To be clear, Dr Copper’s prognosis is never infallible. Prices can spike on supply shocks, speculative positioning, or macro noise. But as a meta-indicator – especially when read in contrast with other assets – it remains unmatched. This is where copper’s divergence from gold becomes instructive. The two often move in opposite directions.
Gold spikes when fear dominates, copper rallies when growth returns. Their current paths suggest a notable tilt in sentiment.
Spot gold slipped below $4,000 per ounce this week — a sharp reversal from its record highs — as safe haven demand eases. The trigger? A perceived softening in US-China rhetoric, with both sides apparently agreeing to walk back tariff escalations. The Trump administration has paused the 100 percent tariff threat. Beijing has delayed plans to expand rare earth export controls. Traders, rightly or wrongly, have taken that as a green light.
Recent price action reflects this shift. Copper has climbed to fresh record highs on the London Metal Exchange. Global stocks have also firmed as hopes of a USChina trade framework lifted risk appetite. At the same time, gold has slipped from its peak as safehaven demand eased. Yet markets are still hedging. Treasury yields haven’t exactly collapsed, and volatility measures are subdued but not disappearing. The message is cautious rather than euphoric. And copper, unlike many traditional indicators clouded by conflicting data, is signalling that traders are willing to price in a stronger global growth pulse – at least for now.
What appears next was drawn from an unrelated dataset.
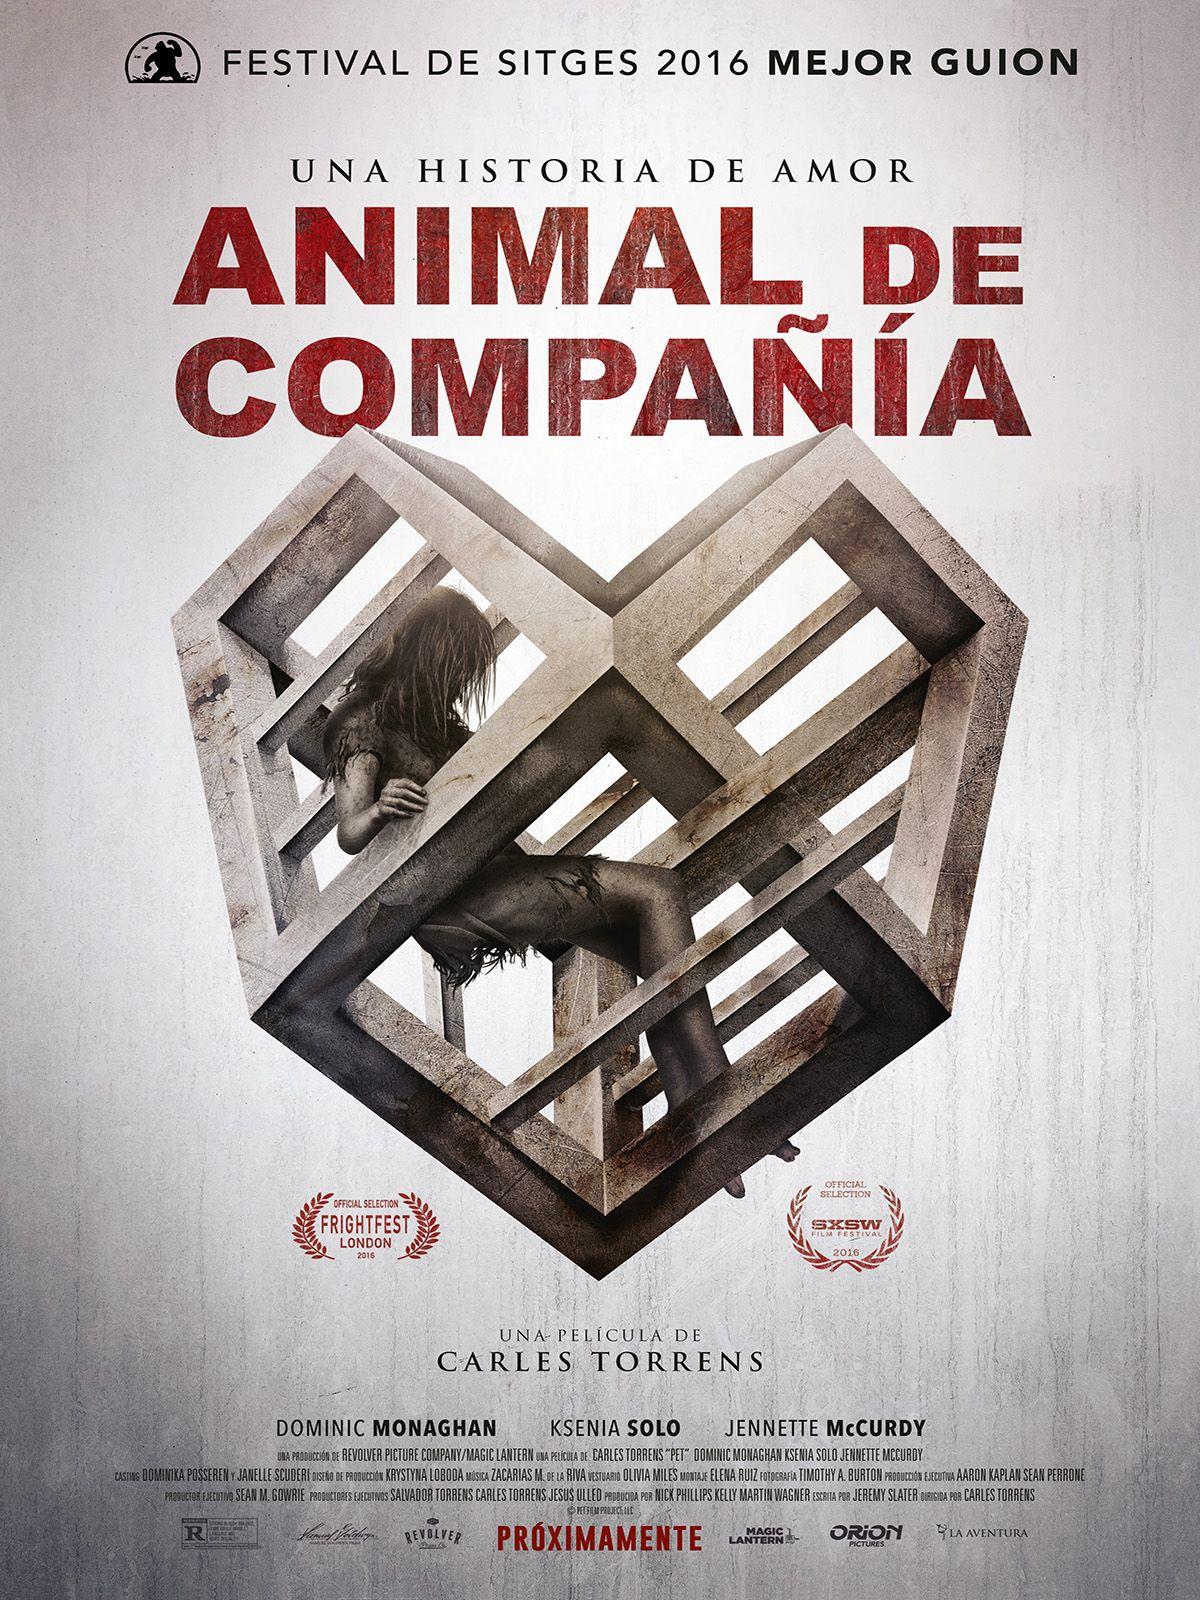 Animal De Compania Mega Latino 1080 Ver Peliculas Online Peliculas Completas Peliculas Completas En Castellano

That’s where the opportunity lies.
Even if this trade détente proves short-lived, the longer-term copper story remains intact. The AI boom, expanding data infrastructure, energy transition, and rising defence budgets are all copper-intensive trends. Wood Mackenzie projects a 40 percent rise in annual copper demand by 2035. The shortfall, by some estimates, could be over 8 million tonnes a year. The metal of electrification is now also the metal of geopolitical leverage – and scarcity.
Traders with a macro view are already recalibrating exposure. If copper breaks above its 2022 highs, momentum-driven strategies will follow. The breakout also sets up pair trades: long copper, short gold; long industrials, short defencives. This is not about chasing headlines – it’s about identifying where flows are shifting structurally. In other words, Dr Copper might be frontrunning policymakers once again — signalling that markets are shifting their weight back toward growth.
For those willing to take positions while others are still unsure what signal to trust, copper may offer more than just macro insight. It may offer the next major trading edge.